Also, they use osq_lock()/unlock(), which Peter Zijlstra really doesn't want
exported, so if anyone else would like to use them they could be moved out of
fs/bcachefs/ and that would solve another problem for me :)

 fs/bcachefs/six.c | 516 ++++++++++++++++++++++++++++++++++++++++++++++
 fs/bcachefs/six.h | 190 +++++++++++++++++
 2 files changed, 706 insertions(+)
 create mode 100644 fs/bcachefs/six.c
 create mode 100644 fs/bcachefs/six.h

Comments

Matthew Wilcox May 22, 2018, 3:04 a.m. UTC | #1
On Mon, May 21, 2018 at 10:19:51PM -0400, Kent Overstreet wrote:
> New lock for bcachefs, like read/write locks but with a third state,
> intent.
> 
> Intent locks conflict with each other, but not with read locks; taking a
> write lock requires first holding an intent lock.

Can you put something in the description that these are sleeping locks
(like mutexes), not spinning locks (like spinlocks)?  (Yeah, I know
there's the opportunistic spin, but conceptually, they're sleeping locks).

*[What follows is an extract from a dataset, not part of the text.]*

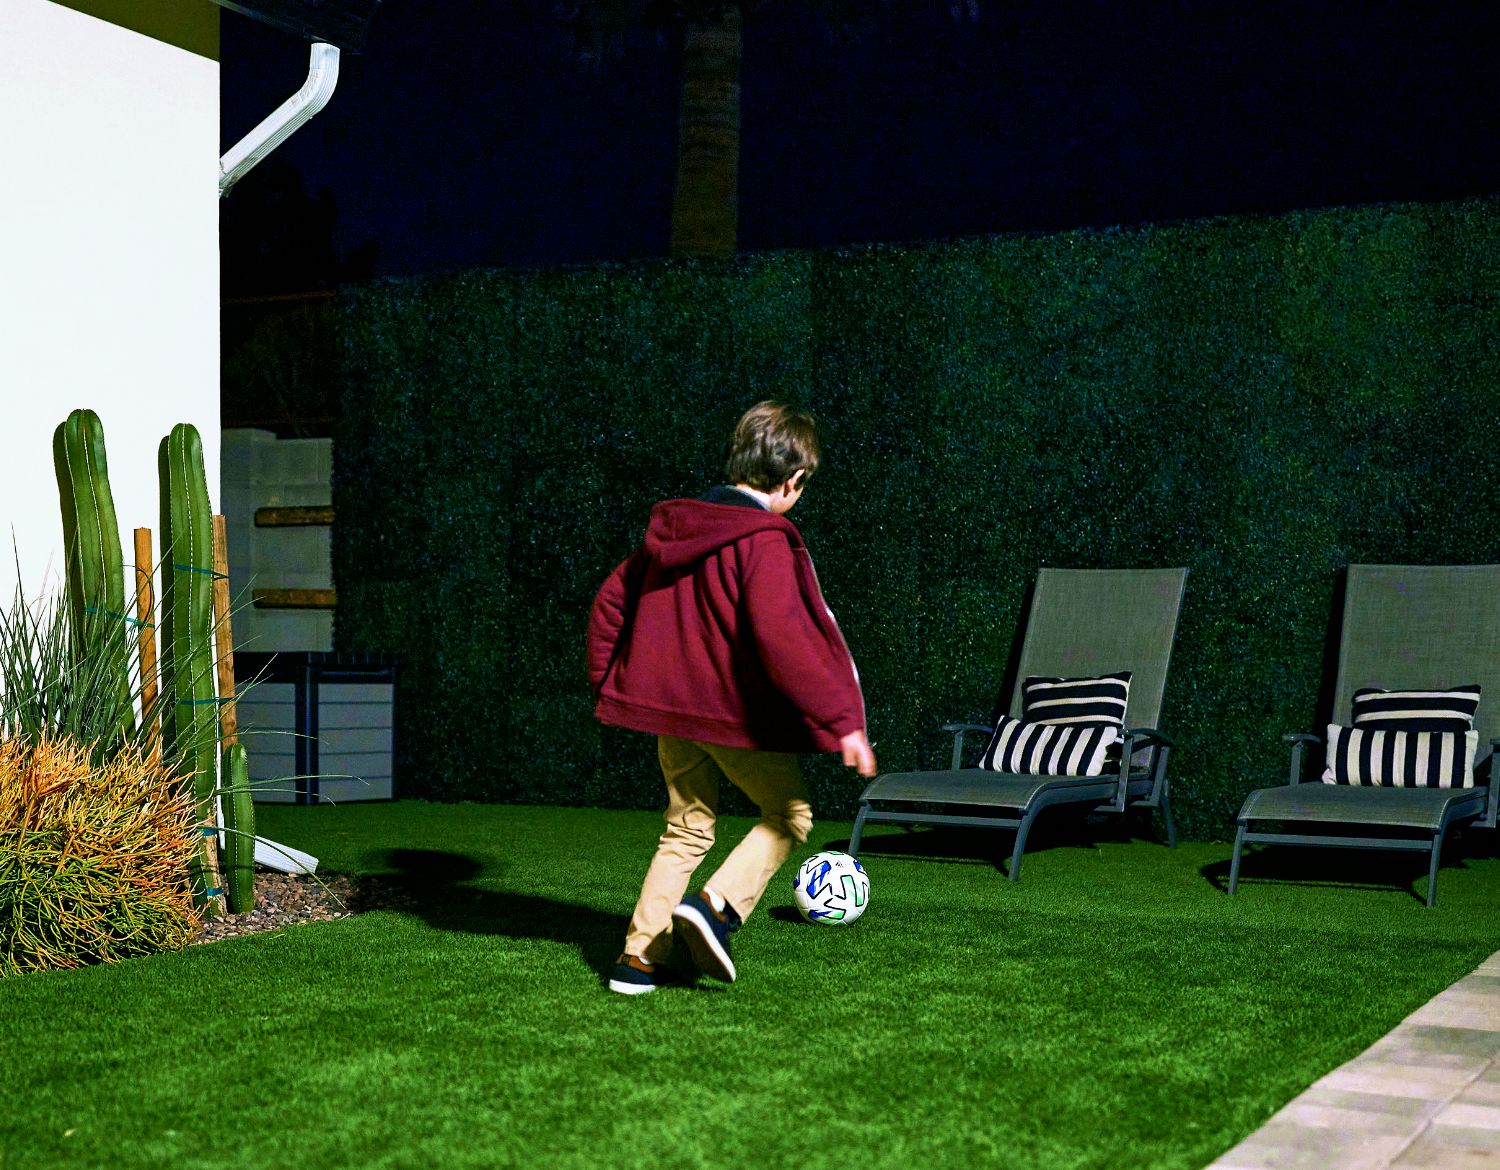 Un'immagine mostra un ragazzo che gioca a calcio in giardino di notte, ripreso da una telecamera di sicurezza Arlo Ultra 2

Some other things I'd like documented:

 - Any number of readers can hold the lock
 - Once one thread acquires the lock for intent, further intent acquisitions
   will block.  May new readers acquire the lock?
 - You cannot acquire the lock for write directly, you must acquire it for
   intent first, then upgrade to write.
 - Can you downgrade to read from intent, or downgrade from write back to
   intent?
 - Once you are trying to upgrade from intent to write, are new read
   acquisitions blocked? (can readers starve writers?)
 - When you drop the lock as a writer, do we prefer reader acquisitions
   over intent acquisitions?  That is, if we have a queue of RRIRIRIR,
   and we drop the lock, does the queue look like II or IRIR?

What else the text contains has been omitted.